As the levels increase, the proportion of disinterested parties diminishes and we enter the second phase. Here, participants that advance are marked, more and more, by an inclination to seek further advancement. Thus, a powerful human trait is integrated into the system.
Those who actively seek selection must persuade their group that they are the best qualified to represent the other two. While that is easy at the lower levels, it becomes more difficult as the process moves forward and participants are matched with peers who also wish to be chosen.
Each participant must make a choice between the other two people in the group knowing that they must rely on that person's integrity to guide their future actions and decisions. Since they are unable to control the person selected, they must choose the person they believe most likely to conduct public business in the public interest.

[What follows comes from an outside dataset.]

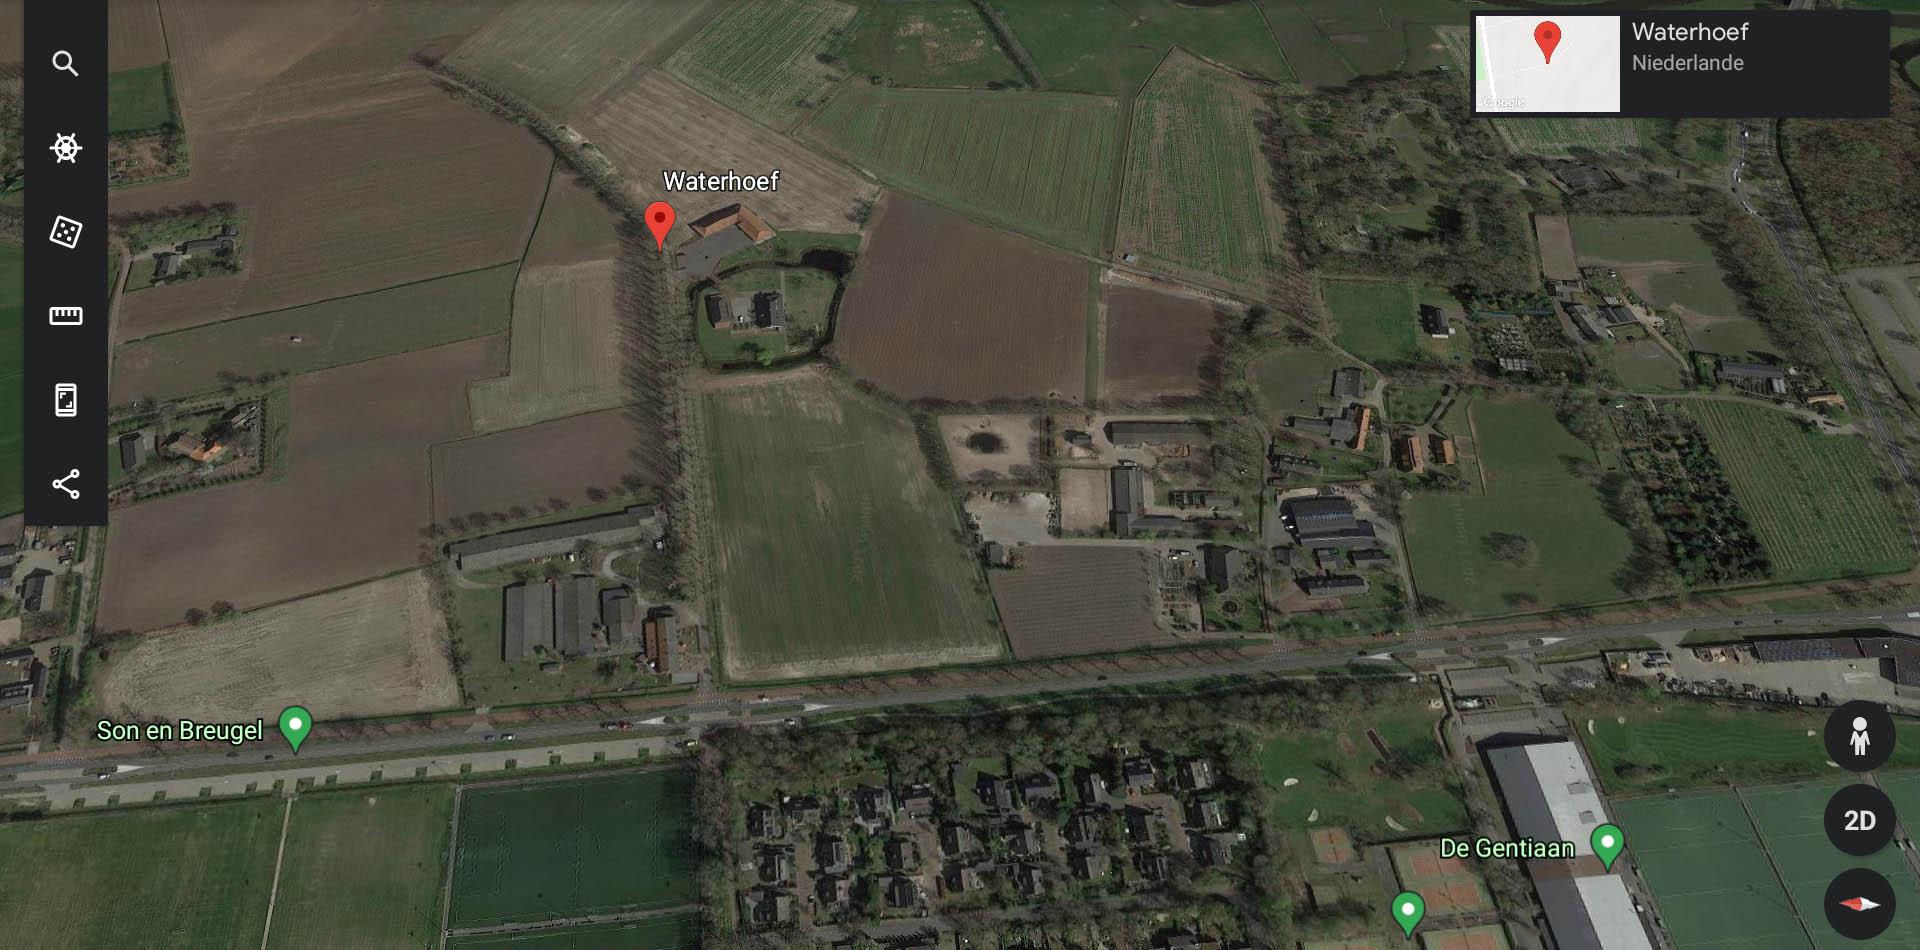 Ehemaliger Soldatenfriedhof der Operation Market Garden auf dem Gut Waterhoef in den Niederlanden

However, they do not make their choices blindly. Elections are a periodic process. The majority of those seeking advancement will do so each time the process recurs. Some will be successful. They will achieve public office and their performance will be a matter of public record. When they participate in subsequent occurrences of the process, their peers can evaluate that record to help them decide the candidate's suitability for advancement. Furthermore, the names of advancing candidates are announced as each level completes. Members of the public with knowledge of unseemly acts by an advancing candidate can present details for consideration at the next level. Since, after the initial levels, the peers also seek advancement, they won't overlook inappropriate behavior.
Face-to-face meetings in three-person groups eliminate any possibility of voting machine fraud. Significantly, they also allow participants to observe the non-verbal clues humans emit during discourse and will tend to favor moderate attitudes over extremism. The dissimulation and obfuscation that are so effective in media-based politics will not work in a group of three people, each of whom has a vital interest in reaching the same goal as the miscreant. Thus, the advancement of participants will depend on their perceived integrity as well as the probity with which they fulfill their public obligations.
This is a distillation process, biased in favor of the most upright and capable of our citizens. It cannot guarantee that unprincipled individuals will never be selected ... such a goal would be unrealistic ... but it does insure that they are the exception rather than the rule.
The process is inherently bi-directional. Because each elected official sits atop a pyramid of known electors, questions on specific issues can easily be transmitted directly to and from the electors for the guidance or instruction of the official.
The cost of conducting an election by this method is free to the participants, except for the value of their time, and minimal to the government. Thus, it removes the greatest single cause of corruption in our current system ... the need for campaign funds.
I originally thought to buttress this presentation by citing two newspaper articles that discuss the (apparent) lack of interest in the election process among the majority of the electorate and the working of corruption in our system. I've decided that to do so would be superfluous.